* Data block:
_ _ _ _ _
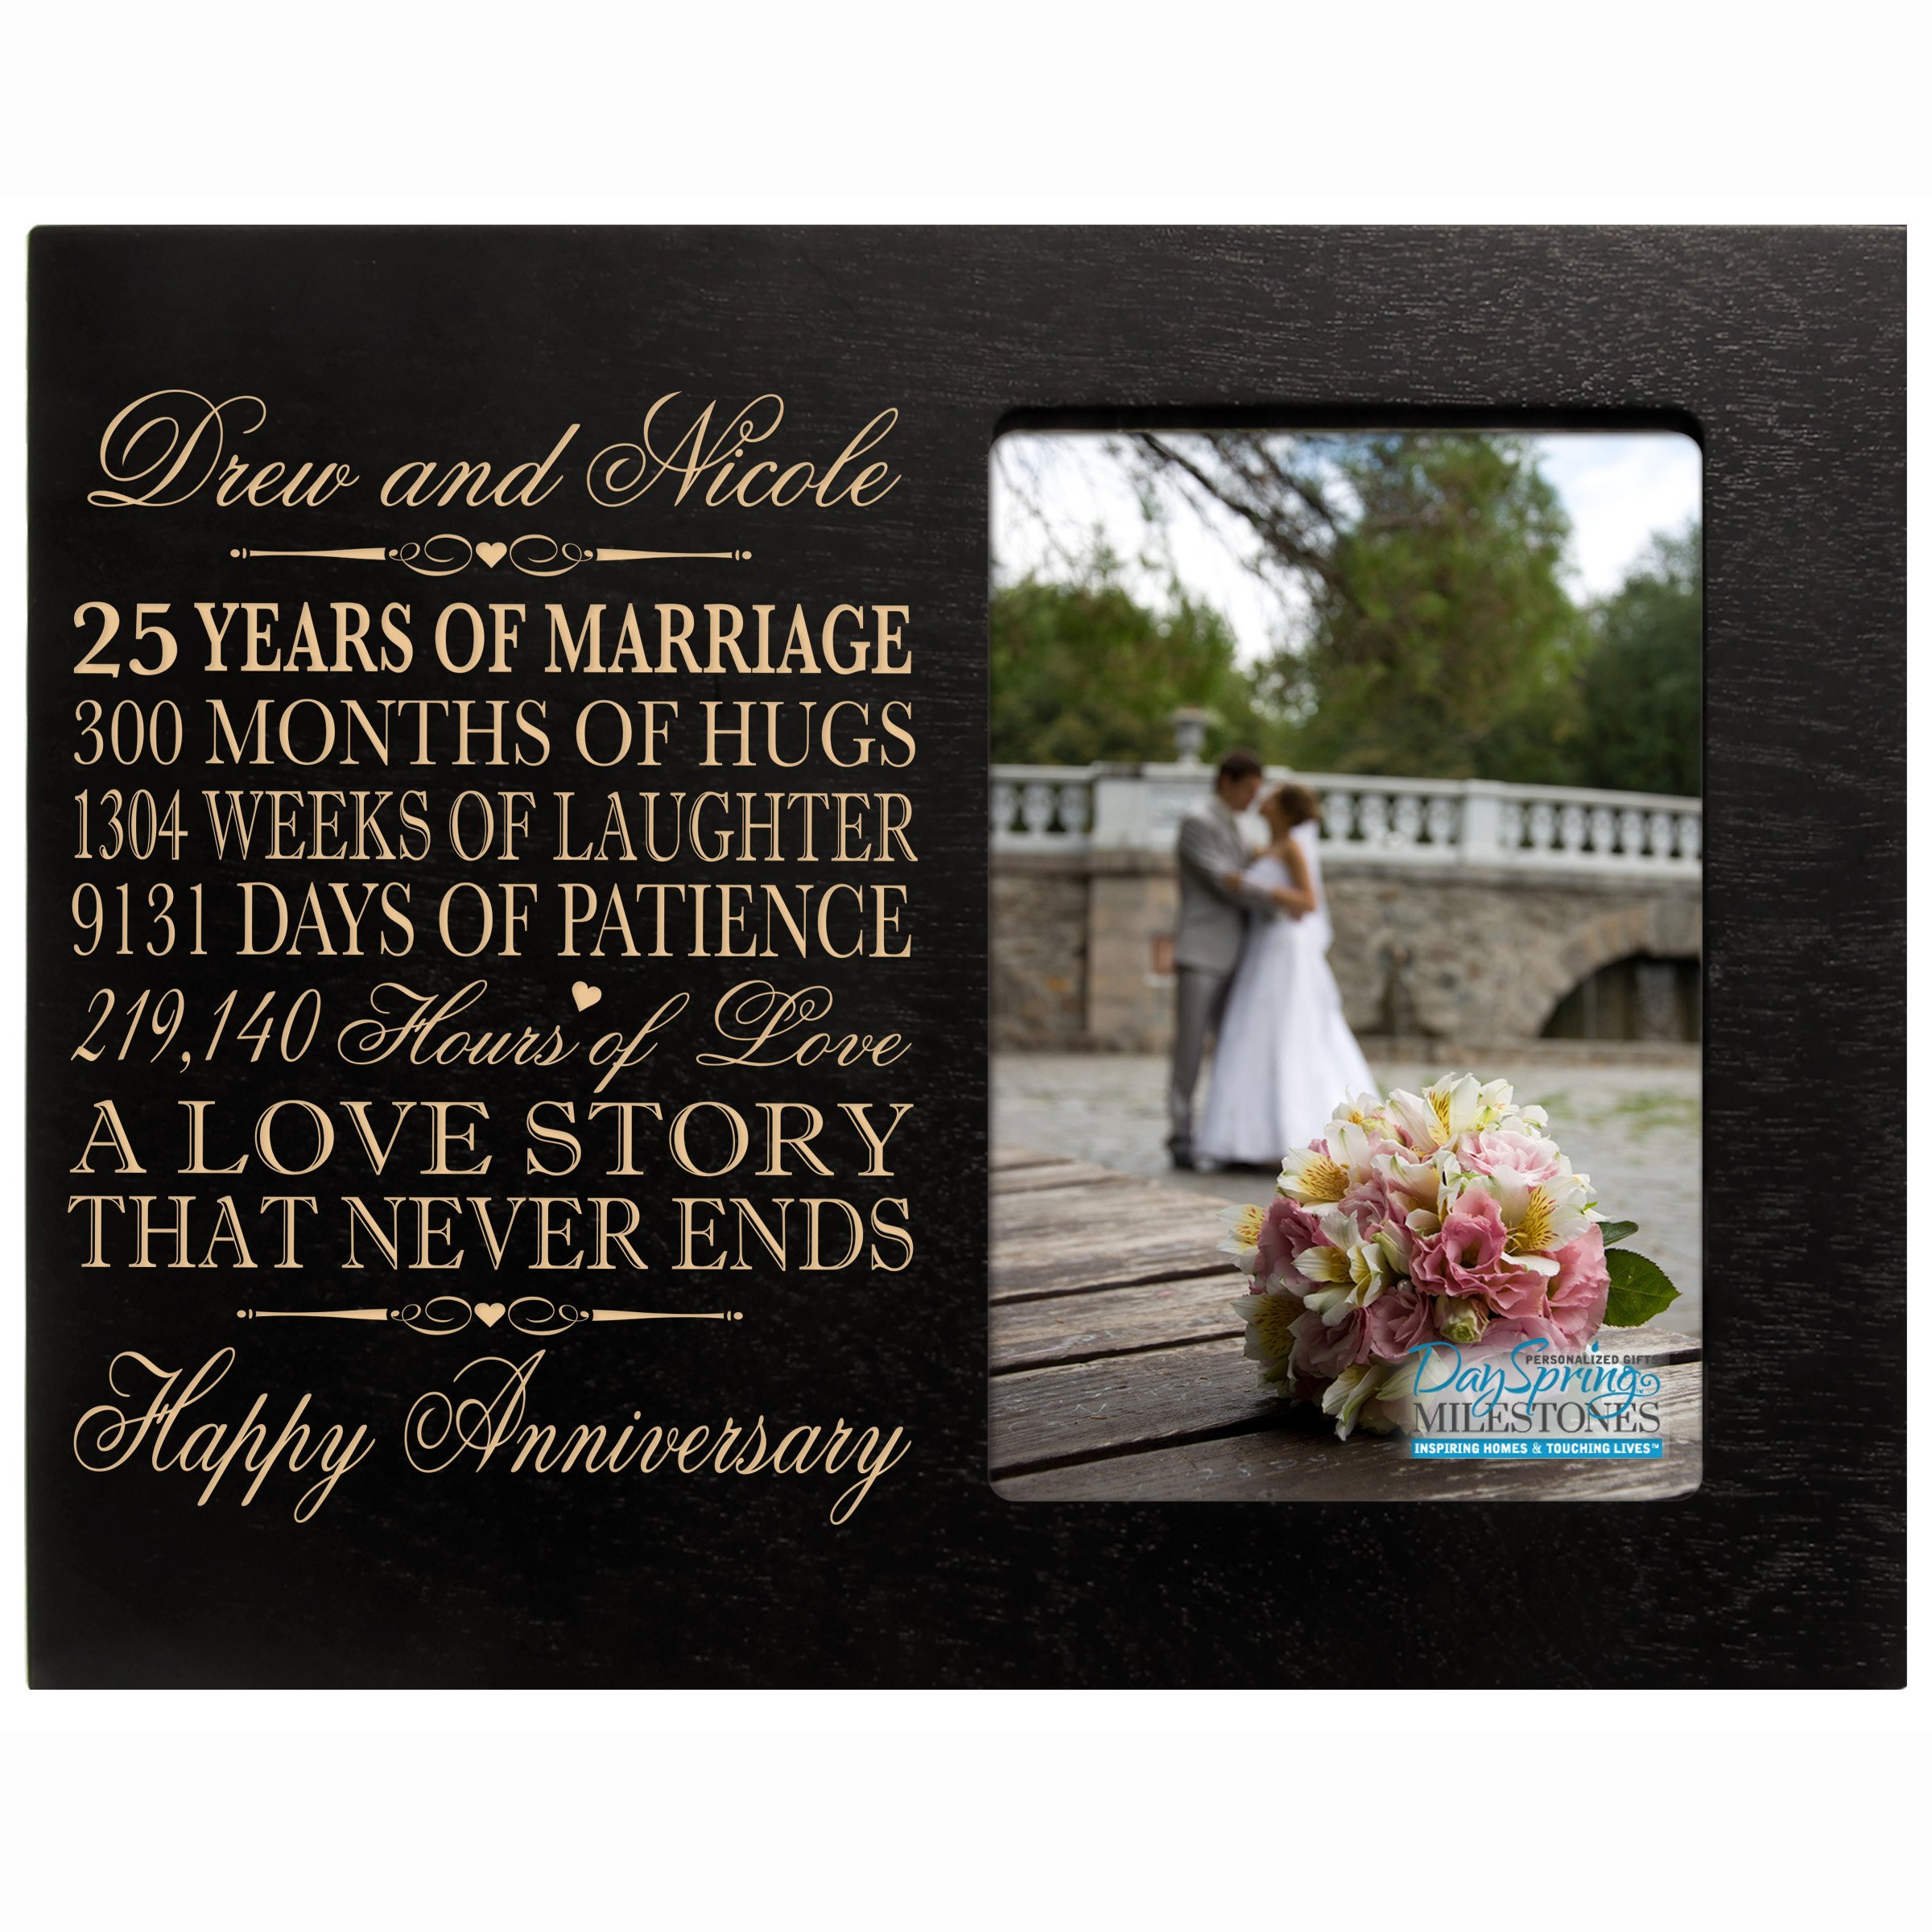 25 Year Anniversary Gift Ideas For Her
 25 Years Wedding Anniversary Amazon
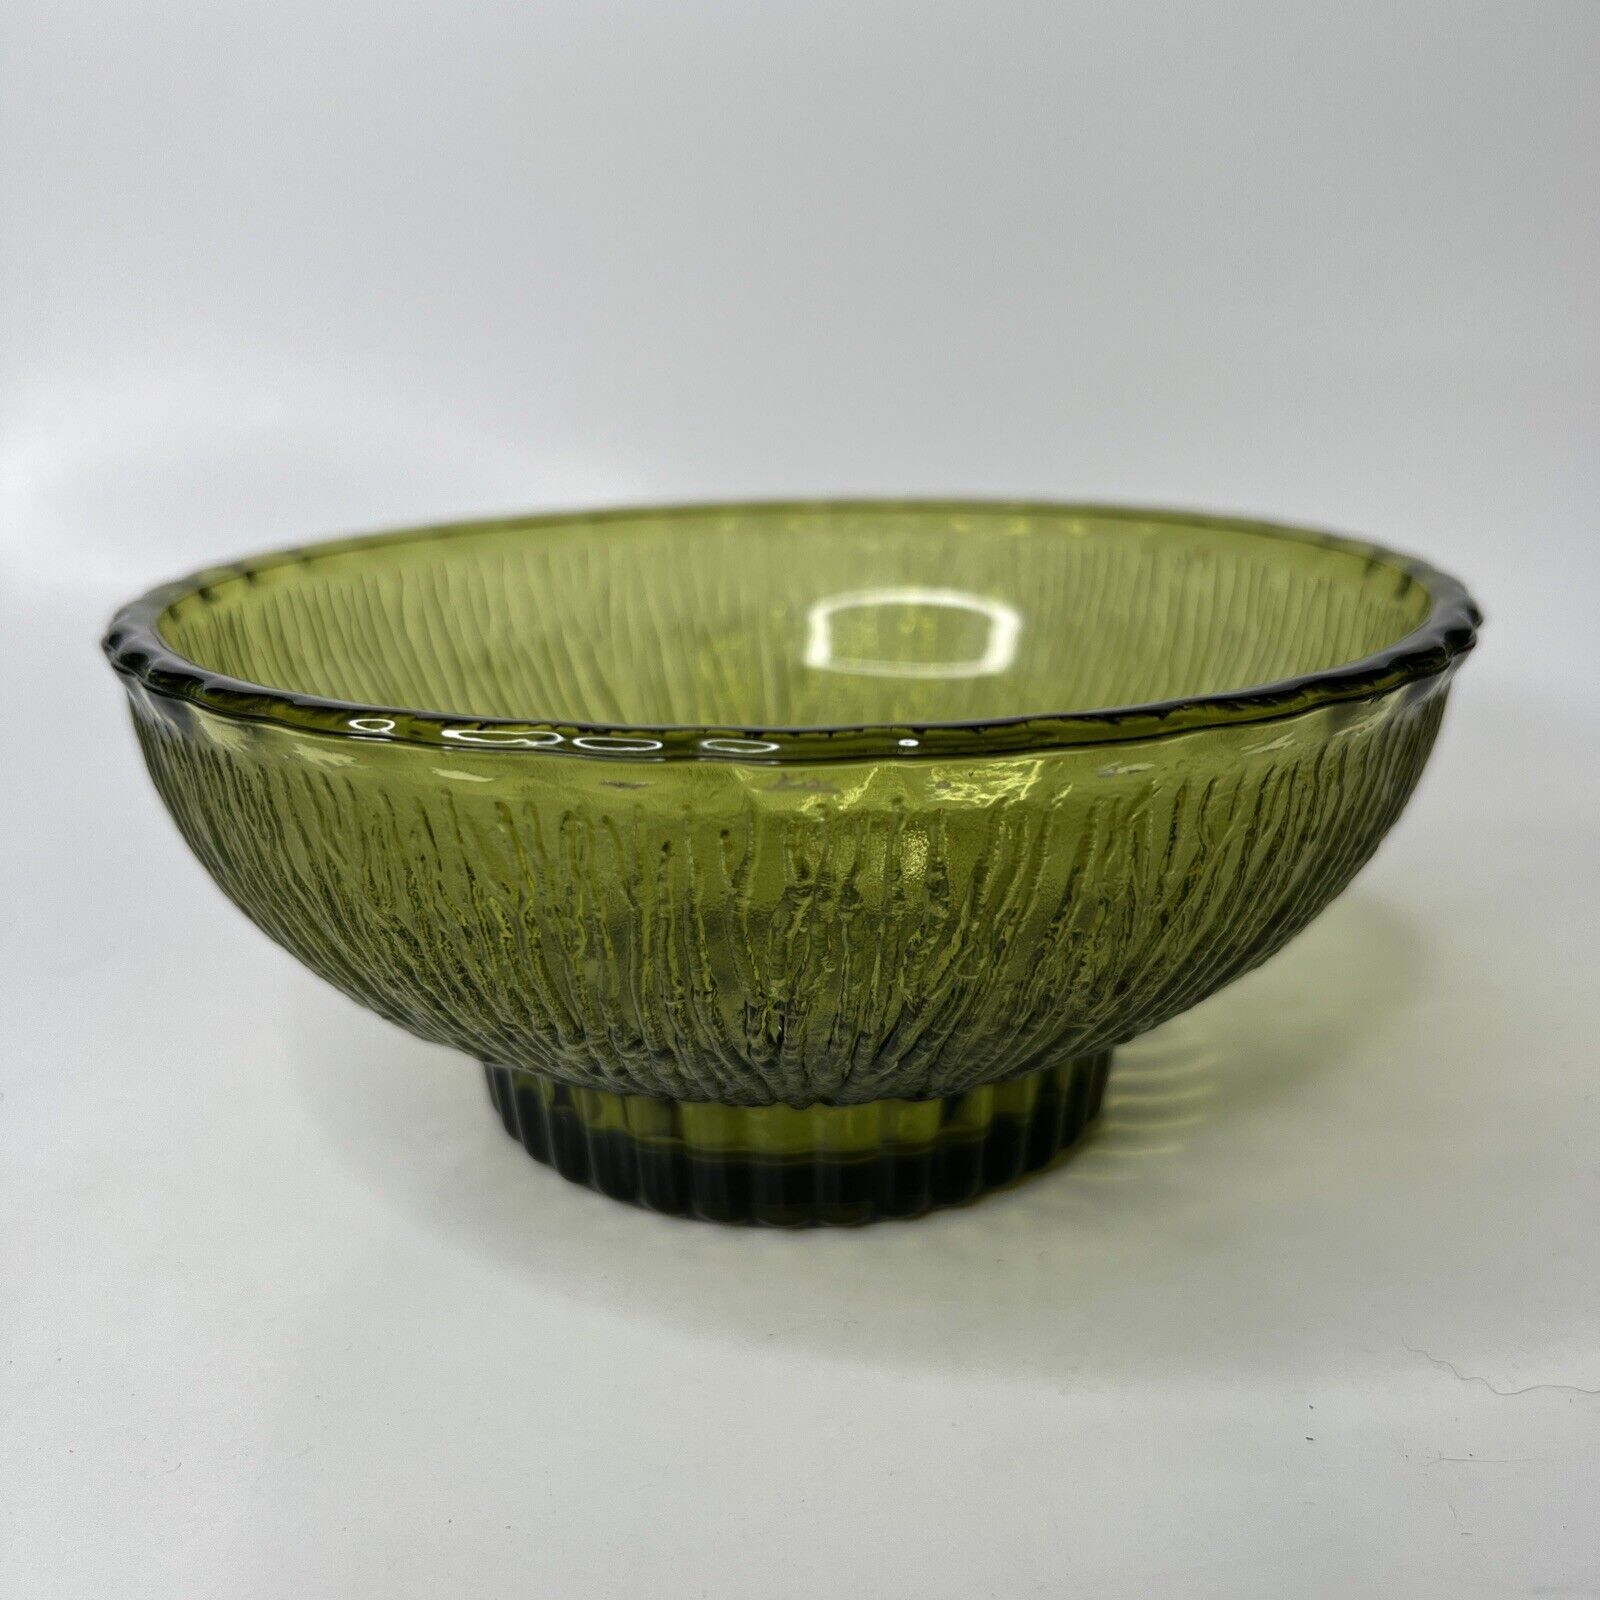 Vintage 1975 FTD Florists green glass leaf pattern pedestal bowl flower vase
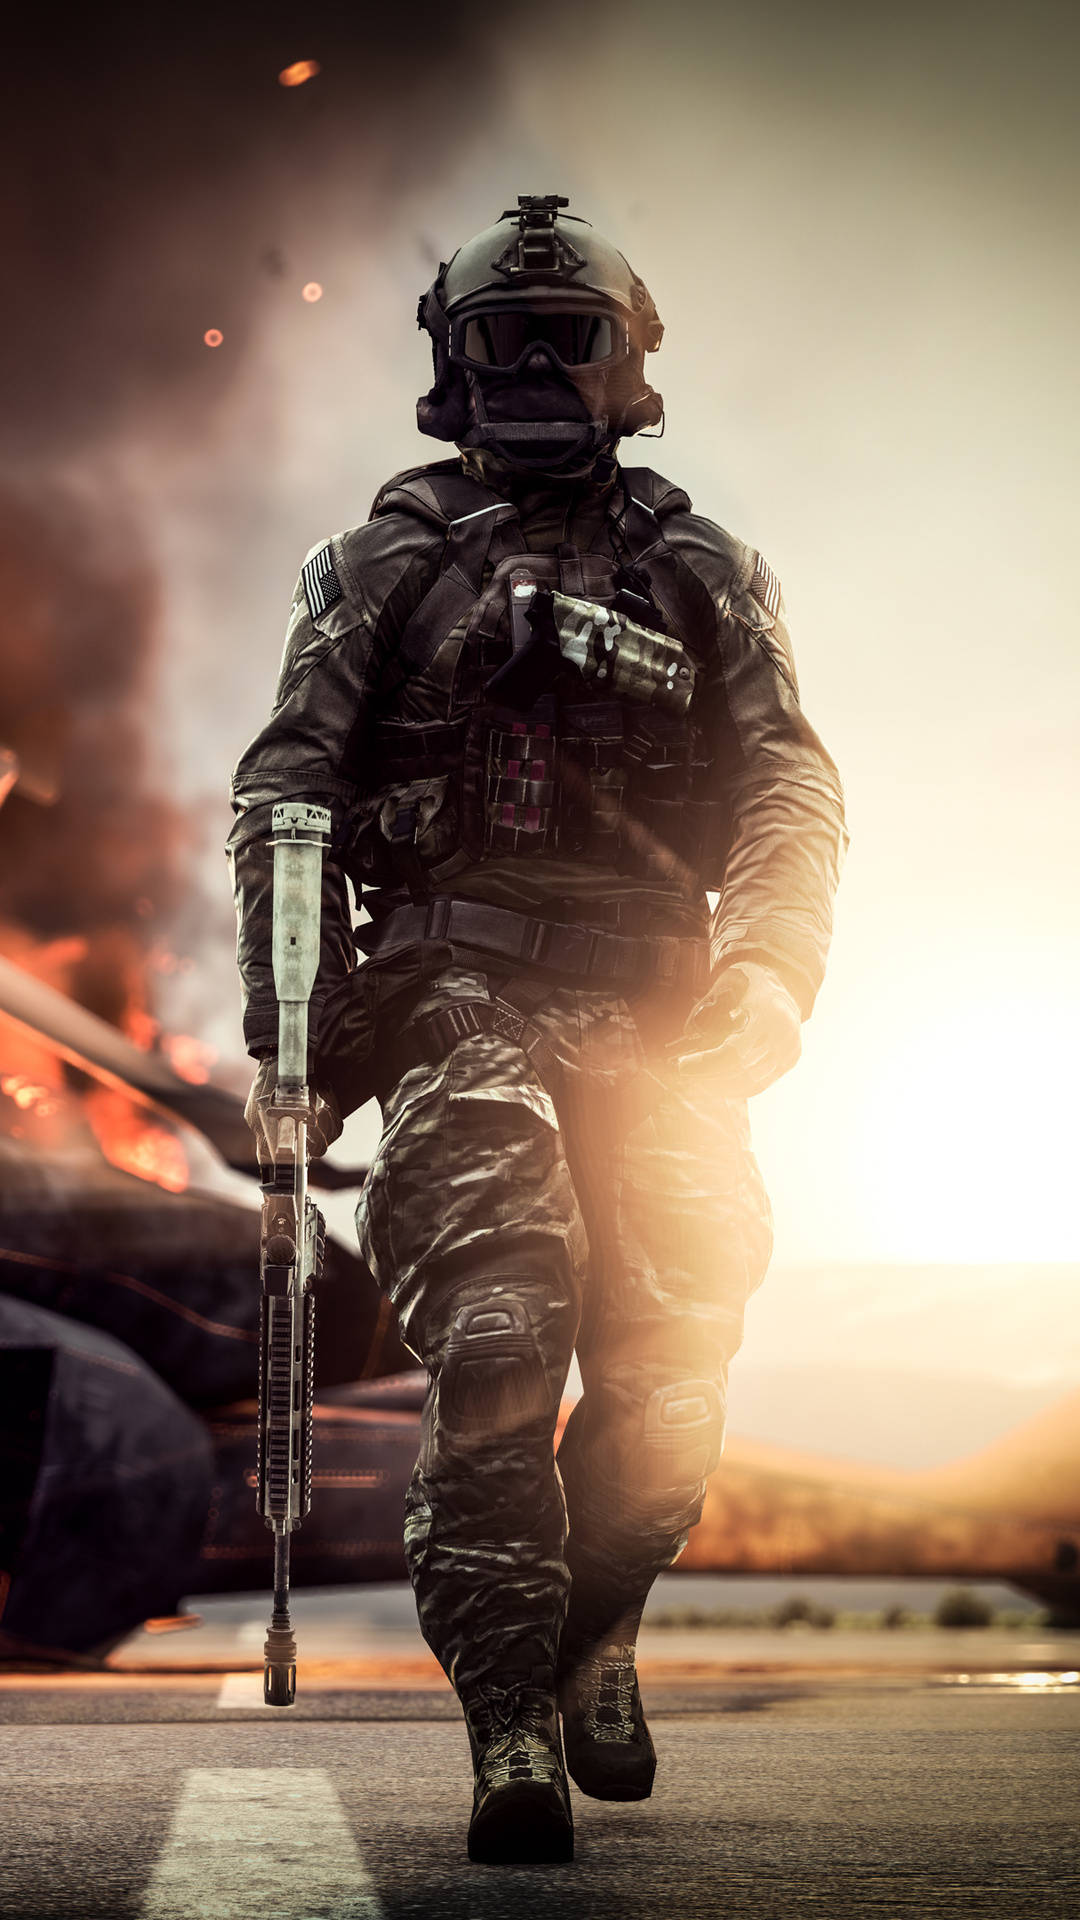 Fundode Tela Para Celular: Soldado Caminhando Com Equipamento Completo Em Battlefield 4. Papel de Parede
_ _ _ _ _
Would you provide an exact, picture-free copy of the data above?

 25 Year Anniversary Gift Ideas For Her
 25 Years Wedding Anniversary Amazon
 Vintage 1975 FTD Florists green glass leaf pattern pedestal bowl flower vase
 Fundode Tela Para Celular: Soldado Caminhando Com Equipamento Completo Em Battlefield 4. Papel de Parede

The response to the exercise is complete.